Actually, wait — let me re-check. The test uses launch_fused_softmax_topk<K> which uses the default WARPS_PER_BLOCK = 8. With B=4, T=8, there are 32 rows. Grid = ceil(32/8) = 4 blocks. Each block has 8 warps, each handling one row. So warp 0 in block 0 handles row 0, warp 1 handles row 1, etc.

In cross_warp_merge, warp 0 merges all 8 heaps and writes to row_out_probs which is row 0's output. Warps 1-7 don't write anything. So rows 1-7 in each block get uninitialized output.

This is a real bug. The test would fail unless the test only checks row 0 (which it does print, but verify() checks all rows).

Hmm, but the verify() function checks bt from 0 to B*T-1. If rows 1-7 have garbage, it should fail. Unless... the __syncthreads() at the end of the kernel causes warps 1-7 to also reach the end, but they don't write. The output arrays are allocated with cudaMalloc which gives uninitialized memory. So rows 1-7 would have garbage.

This is a critical correctness bug in GLM-5.

But wait — I should double-check my understanding.
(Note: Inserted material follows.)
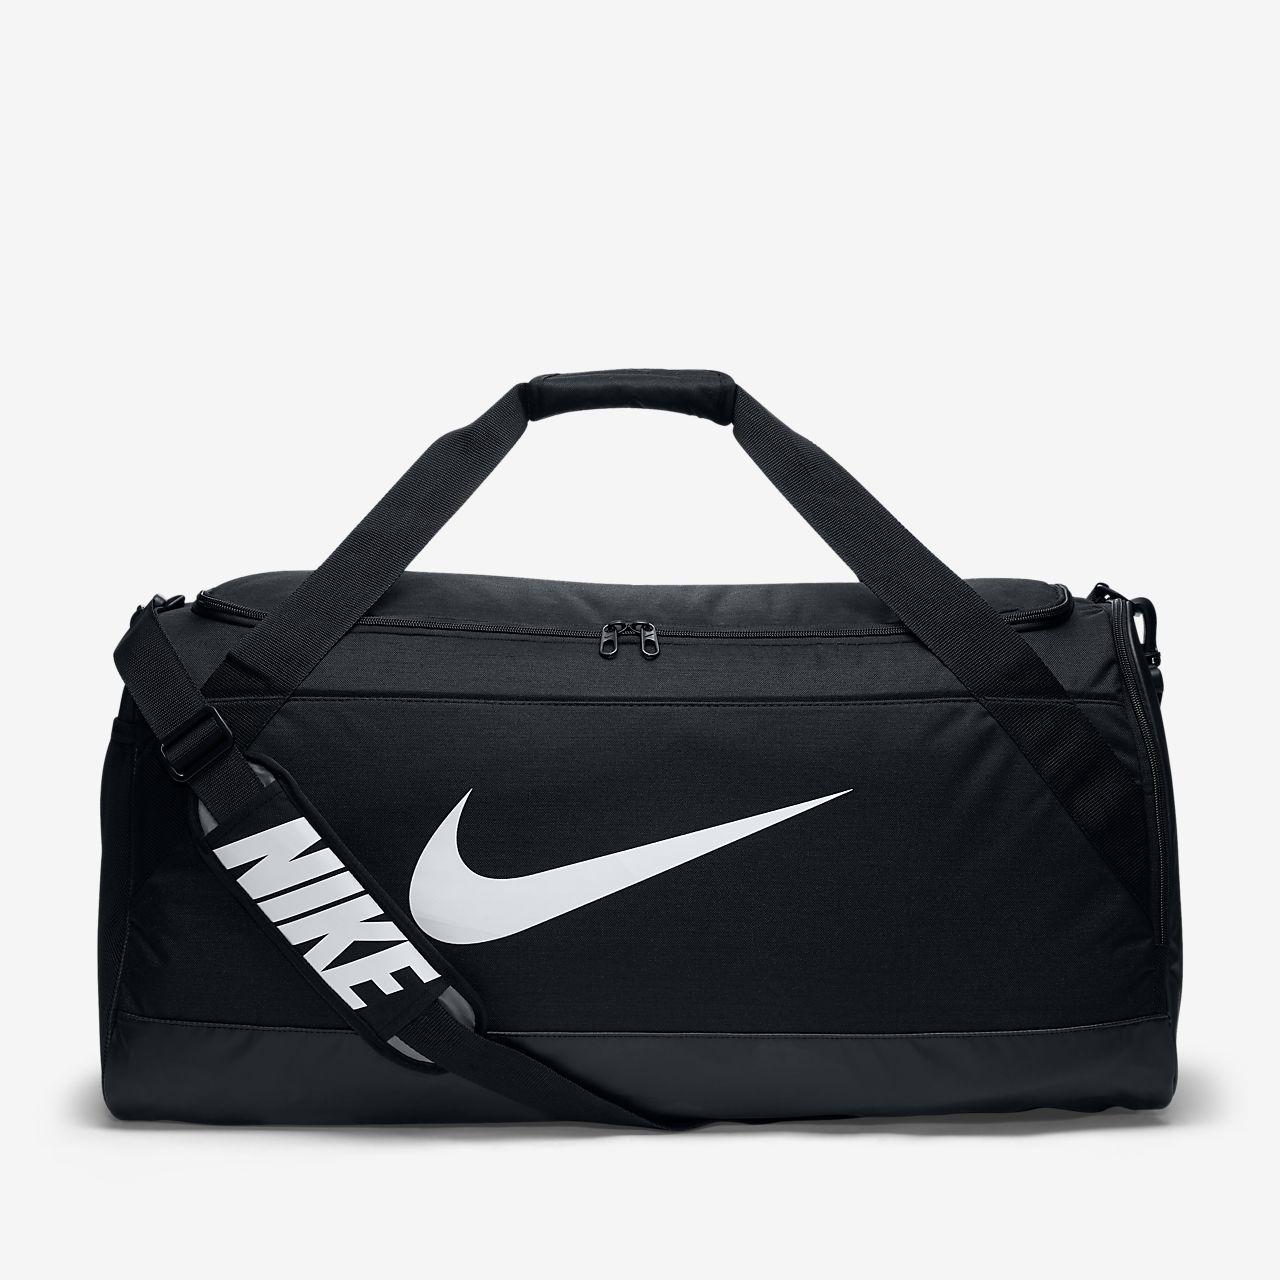 c95d8a4dd9 Sac de sport de training Nike Brasilia (grande taille). Nike.com FR

Let me look at the kernel again:

int row = blockIdx.x * WARPS_PER_BLOCK + warp_id;
if (row >= B * T) return;

// ... pointers for this row ...

// Phase 1: local pass
local_pass<K>(logits_row, V, warp_max, warp_sum, heap);

// Store partials in shared memory
if (lane_id == 0) {
    smem.warp_max[warp_id] = warp_max;
    smem.warp_sum[warp_id] = warp_sum;
}
__syncthreads();

// Compute global max and sum across warps
// ... (lane 0 of warp 0 computes global max/sum for ALL warps in block)
// ... but each warp processed a DIFFERENT row!

// Wait, this is also wrong! The global max/sum computation merges across
// warps that processed DIFFERENT rows. It should only merge within a warp
// (since one warp = one row).

Yes, there's a fundamental design confusion here. The kernel says "one warp per row" but then tries to do cross-warp reductions (max/sum and heap merge) as if all warps in a block cooperated on the SAME row. This is contradictory.

When WARPS_PER_BLOCK = 1, everything works because there's only one warp per block. But with WARPS_PER_BLOCK > 1, the cross-warp logic is wrong because it conflates data from different rows.

Verdict on GLM-5 correctness: The code has a fundamental design flaw when WARPS_PER_BLOCK > 1. It would only work correctly with WARPS_PER_BLOCK = 1. This is a significant correctness issue.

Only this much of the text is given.